The light changes and I cross, zigzagging over to narrow Viccolo Posterla; in the distance, I can see the arch of ivy tickling the door of the language school. When I arrive, I put my hand against the button and hear the bell ring inside; the click of the door announces my normal, late arrival. I check the list to make sure my class hasn’t moved and walk past several students speaking in French, wrestling the coffee machine. I show them the button hiding on the machine’s dusty spine and run up the stairs, opening the door to Blue Room at exactly 9:14 a.m.So now, let us zoom out, enough to where I begin to see this whole experience — the divorce with Tyler, now dating Anne, the friendship breakup with Lisa, splitting with Alain — will teach me something.
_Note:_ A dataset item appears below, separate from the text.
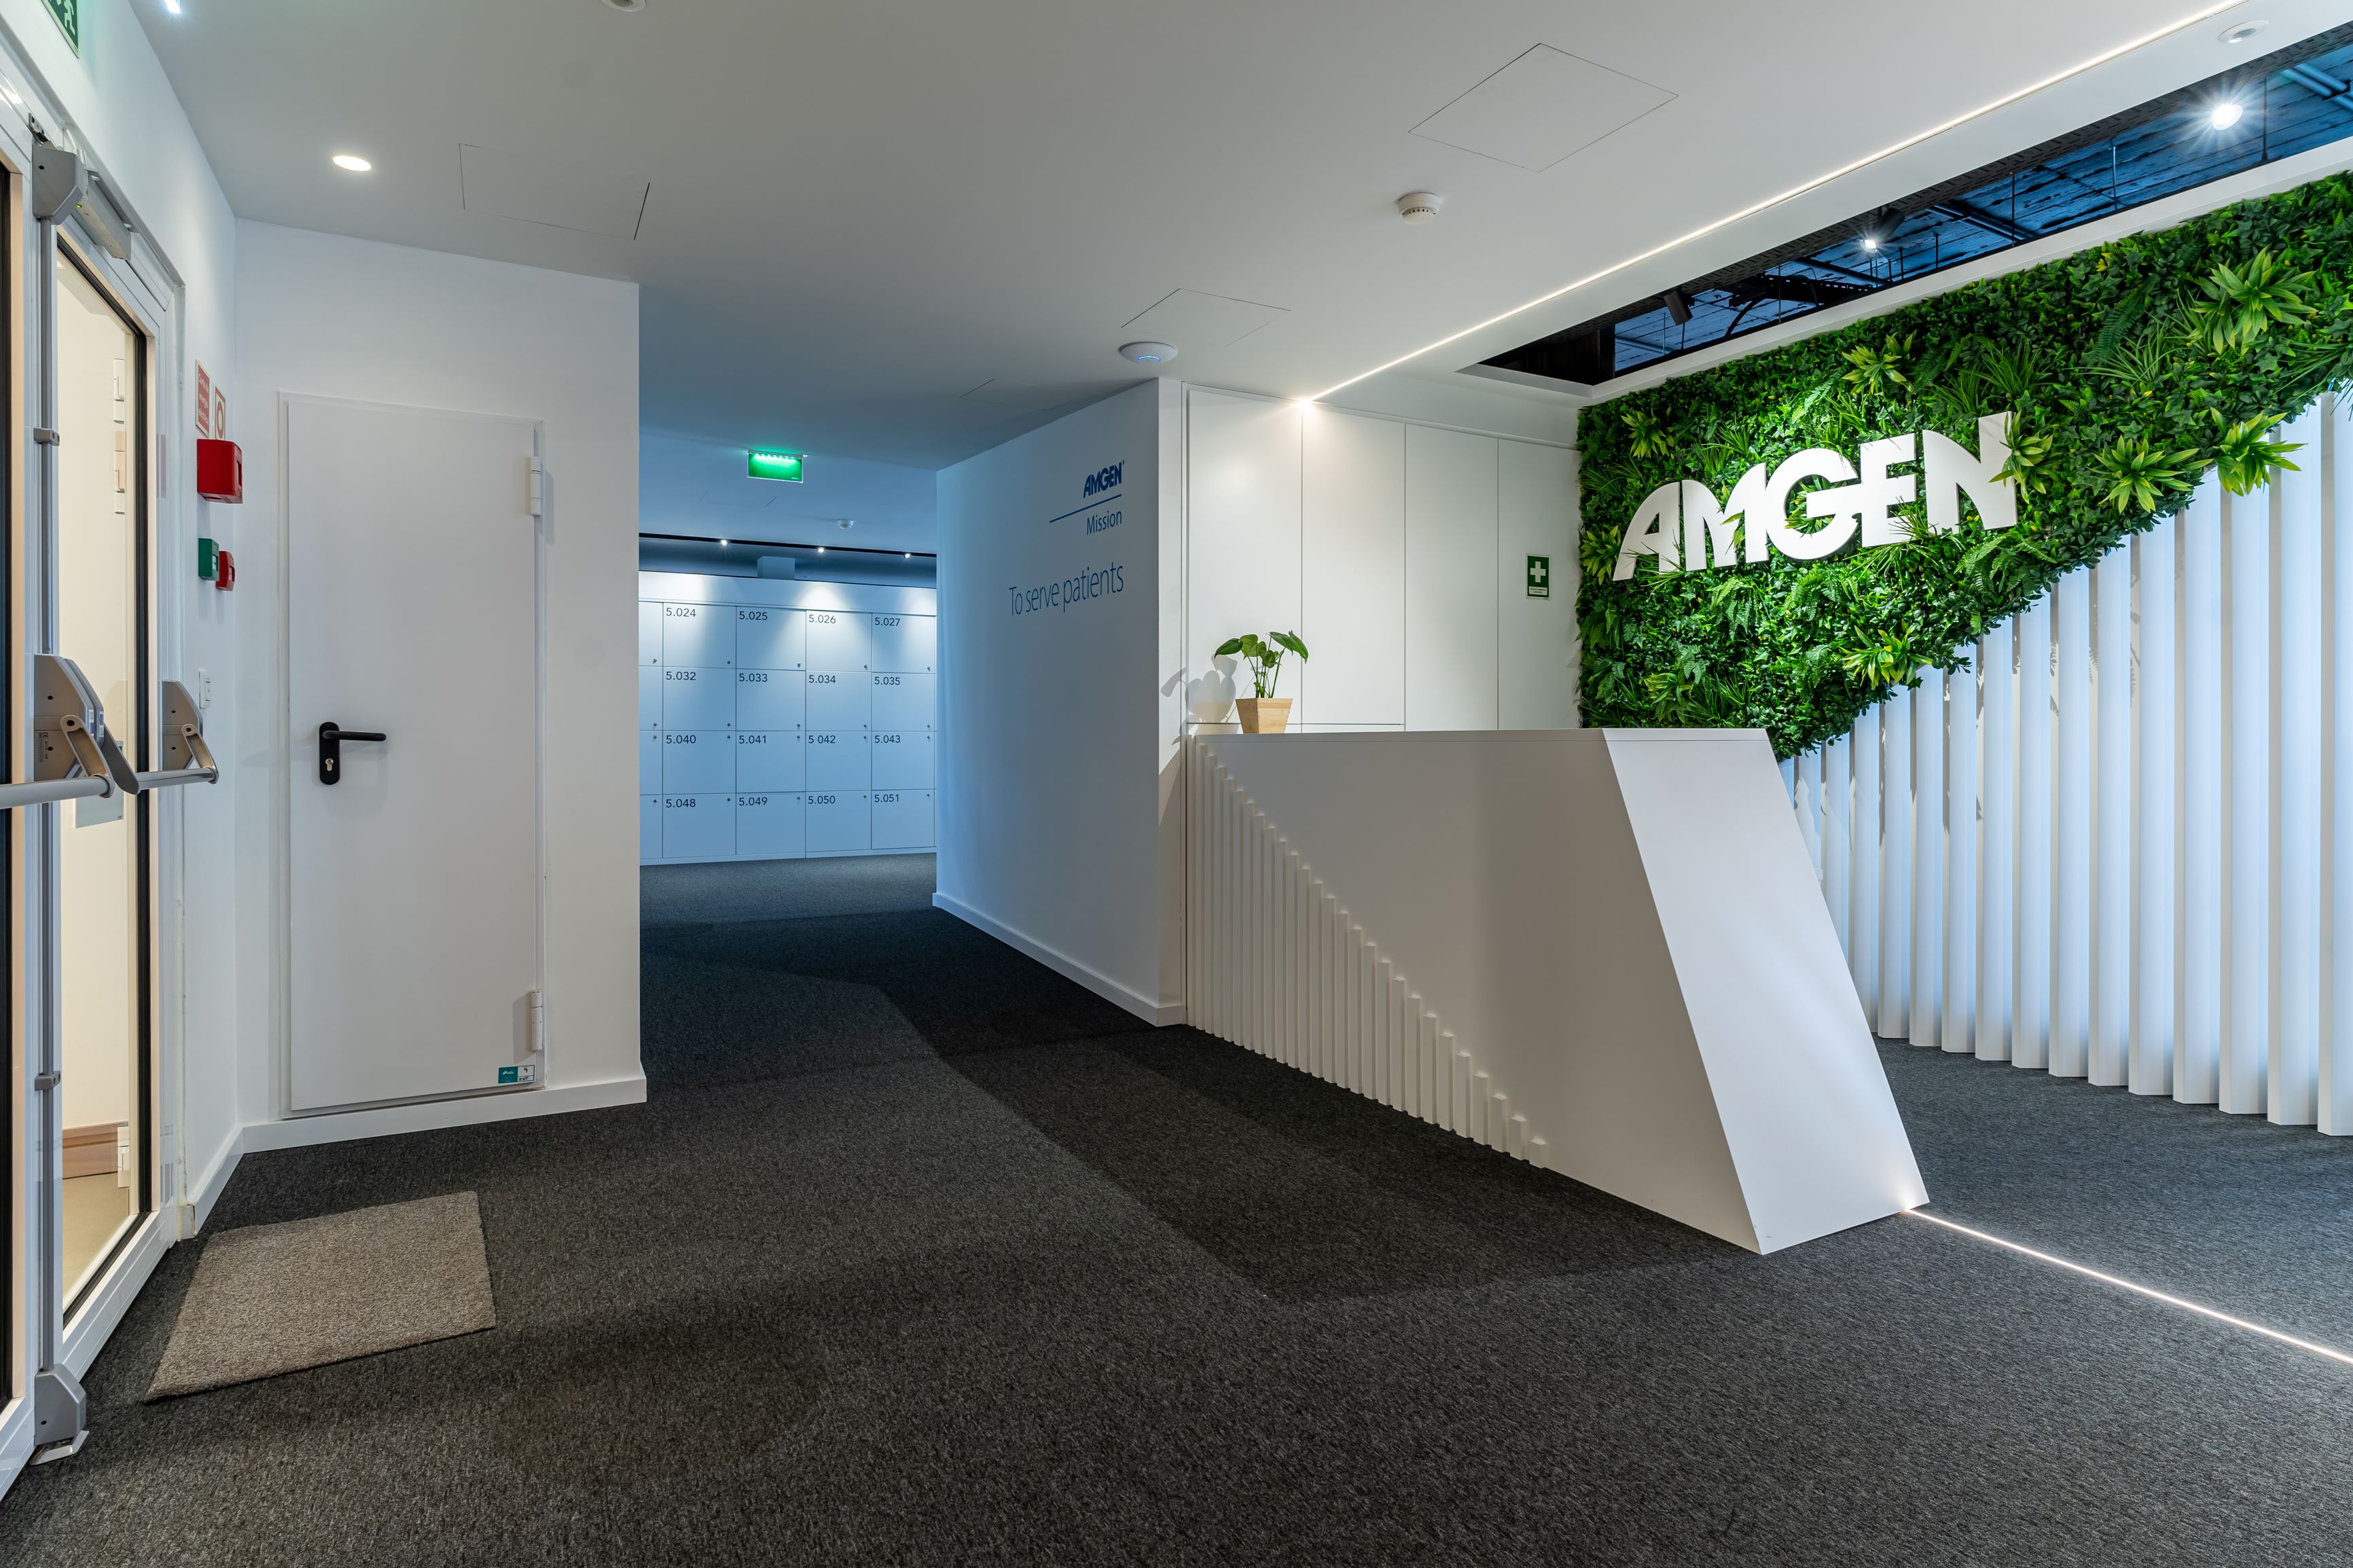 Escritório AMGEN inaugurado em 2022

Has taught me something. Now, a little more, where I can see that each heartbreak is a price I paid for the privilege of loving someone. And a little bit more, where my life takes on the husk of a puzzle. Instead of being wary or frustrated or discouraged by the disarray (pieces scattered everywhere!), I’m fascinated, curious and falling in love with this mad, magical world a little more each day.
So, when the teacher at my Italian school in Bologna introduces the subject for the day and I start laughing, it’s hard to explain why. The subject is a creature called congiuntivo, a tense that’s more of a verbal mood. It’s tricky, but simply stated congiuntivo is mainly used in subordinate clauses to express doubt, uncertainty or personal feelings. So, more or less everything. Dasha and I had a good laugh over our cappucci during the break — after meeting the beast known as congiuntivo, we realized we’d been speaking more or less incorrectly (or at least, in a less educated way) for at least four months.
If I would’ve learned congiuntivo four months ago, I would’ve completely missed the cosmic irony. I’m finally learning the part of the language you’re supposed to use when you’re unsure of everything at a time when I’m completely unsure of everything. Therefore, if writing in Italian, I would not use congiuntivo because I’m sure being unsure is exactly where I need to be.
So nice to see you moving on and enjoying Italy. Never heard of the congiuntivo tense–and what is the subordinate clause? I guess I don’t know a thing about sentence structure!
Thanks mom 🙂 A subordinate clause (I only know because I had to teach people about it lately) is a clause that makes up part of and depends on a main clause, usually introduced by a conjunctive… for example, “I ate my pizza when it was ready.” Simply stated, “when it was ready” is the subordinate clause because it can’t stand on its own. I hope I explained that correctly! Grammar is hard!!!
“each heartbreak is a price I paid for the priviledge of loving someone”; a great phrase (and realization); still not fun repeating the experience, however. Bob
True dat!
Enjoyed your Post! ❤️️
Thanks Claudia 🙂 🙂
Love the your blog Sylva. What camera and lens are you using?
Gurkumal! Hello 🙂 So good to hear from you and please pardon my tardy response… actually I use a really crappy Android phone haha and also a Go Pro. The Go Pro takes much better pictures… thanks for reading 🙂 I hope you are well!